Ieri, in data 10 aprile 2019, la Camera dei deputati ha approvato con 382 voti a favore, nessun contrario e 43 astenuti, la mozione unitaria per il riconoscimento del genocidio armeno, lo sterminio di un milione e mezzo di persone compiuto dai Giovani Turchi, tra il 1915 e 1917, nei territori dell’Impero Ottomano ai danni della minoranza cristiana. Il governo italiano è quindi impegnato “a riconoscere ufficialmente il genocidio armeno e a darne risonanza internazionale”.

Nel testo della mozione si leggono anche le parole di Papa Francesco che, il 12 aprile 2015, in occasione del centenario del genocidio armeno, ricordava il massacro del popolo armeno chiamandolo "il primo genocidio del XX secolo", provocando la reazione durissima di Ankara.

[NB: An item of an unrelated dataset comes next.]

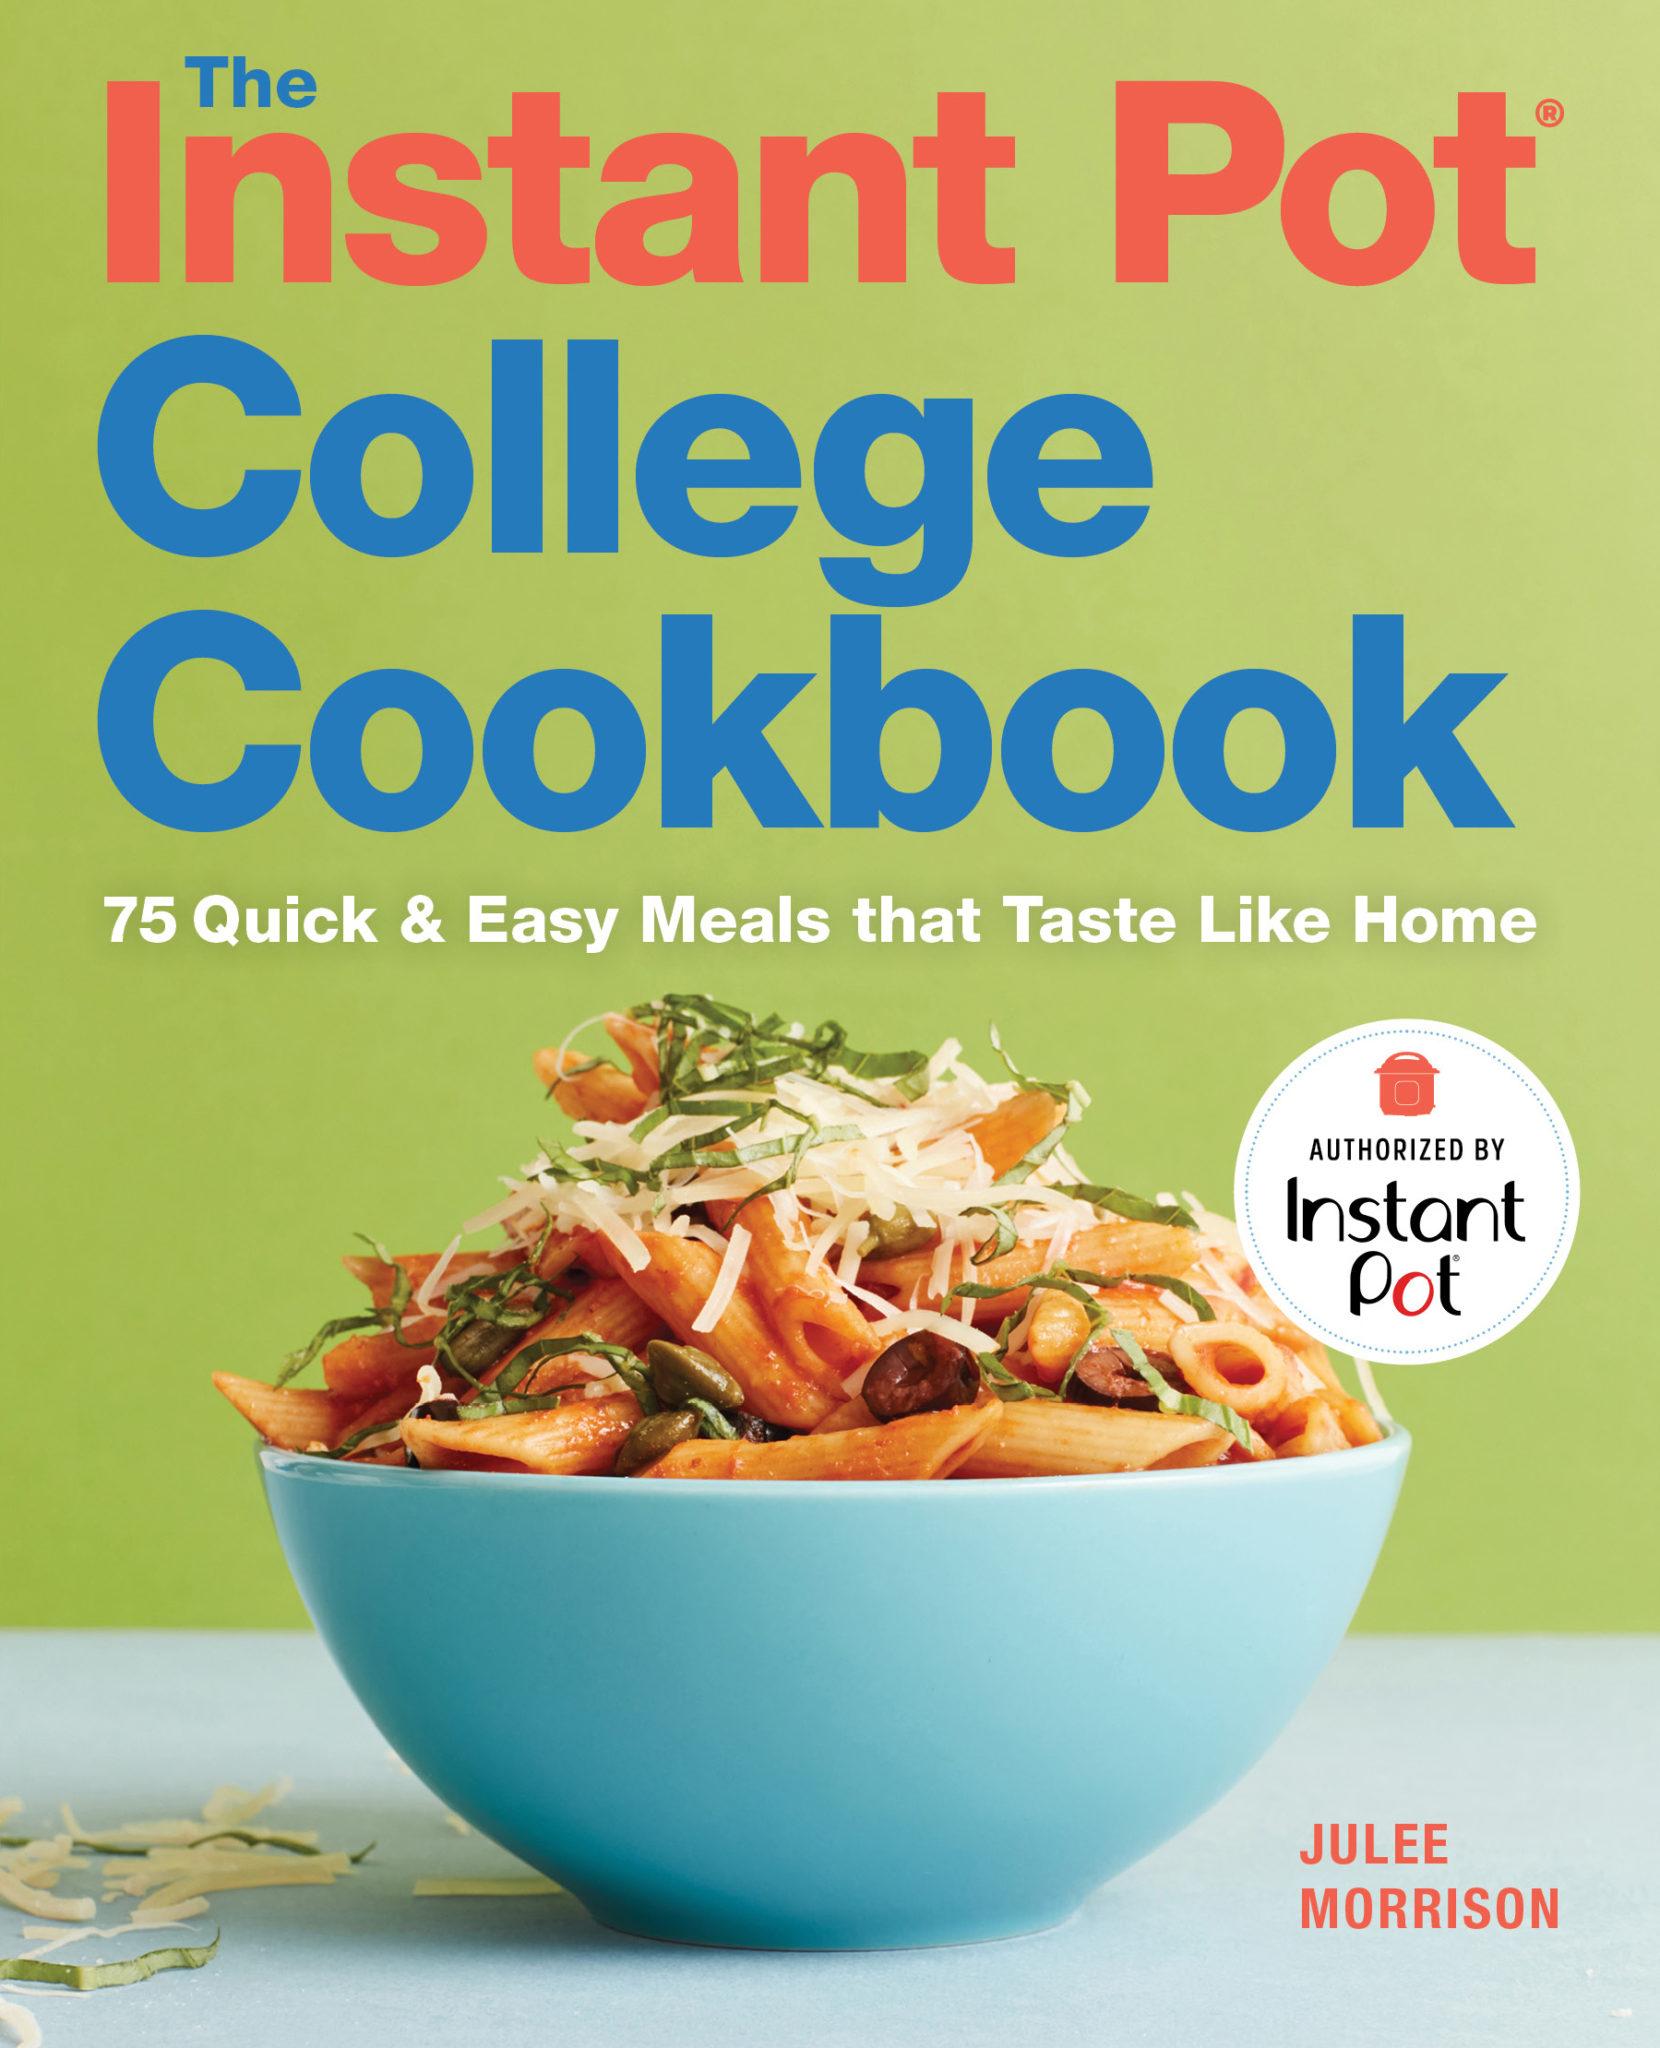 The Instant Pot College Cookbook by Julee Morrison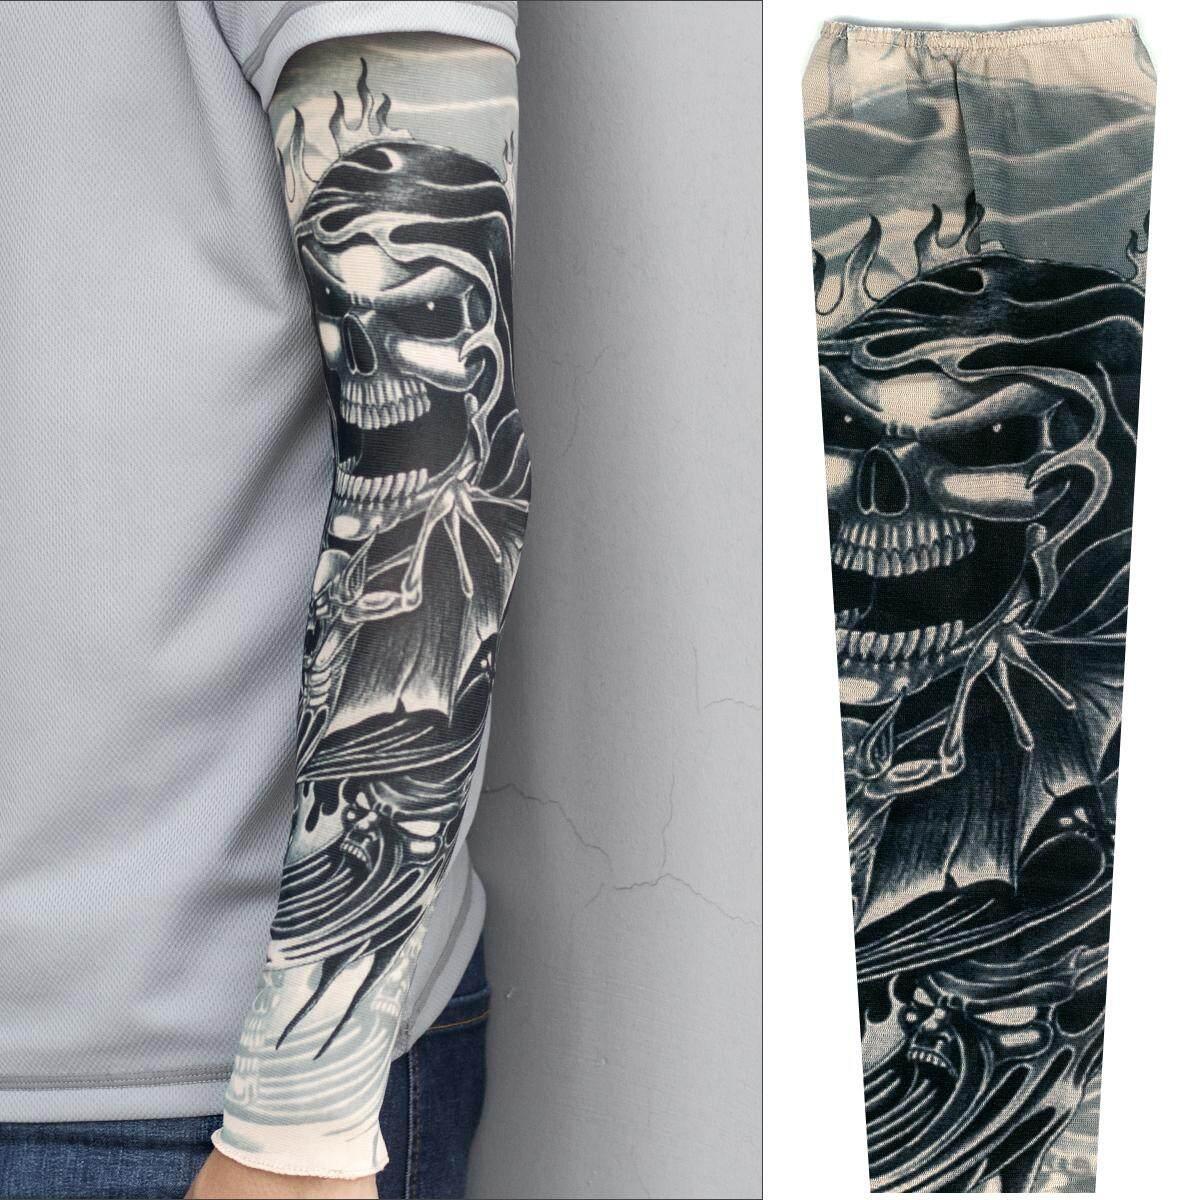 Nilon Stoking Lengan Anak Anak Sementara Lengan Tato Keren Tato Source · Male Cover Tattoo Oversleeve Sleeves

Prima di lui, anche Papa Giovanni Paolo II aveva usato il termine "genocidio" per definire la tragedia degli Armeni. 

L'Italia si unisce quindi ai Paesi - tra i quali Austria, Francia e Germania - che in Europa hanno già riconosciuto il genocidio o che hanno dato seguito alla Risoluzione del Parlamento europeo del 15 aprile 2015 sul centenario del genocidio armeno, che invitava nuovamente la Turchia a riconoscere il genocidio oltre ad invitare Armenia e Turchia a impegnarsi nella realizzazione di una riconciliazione positiva fra i loro popoli.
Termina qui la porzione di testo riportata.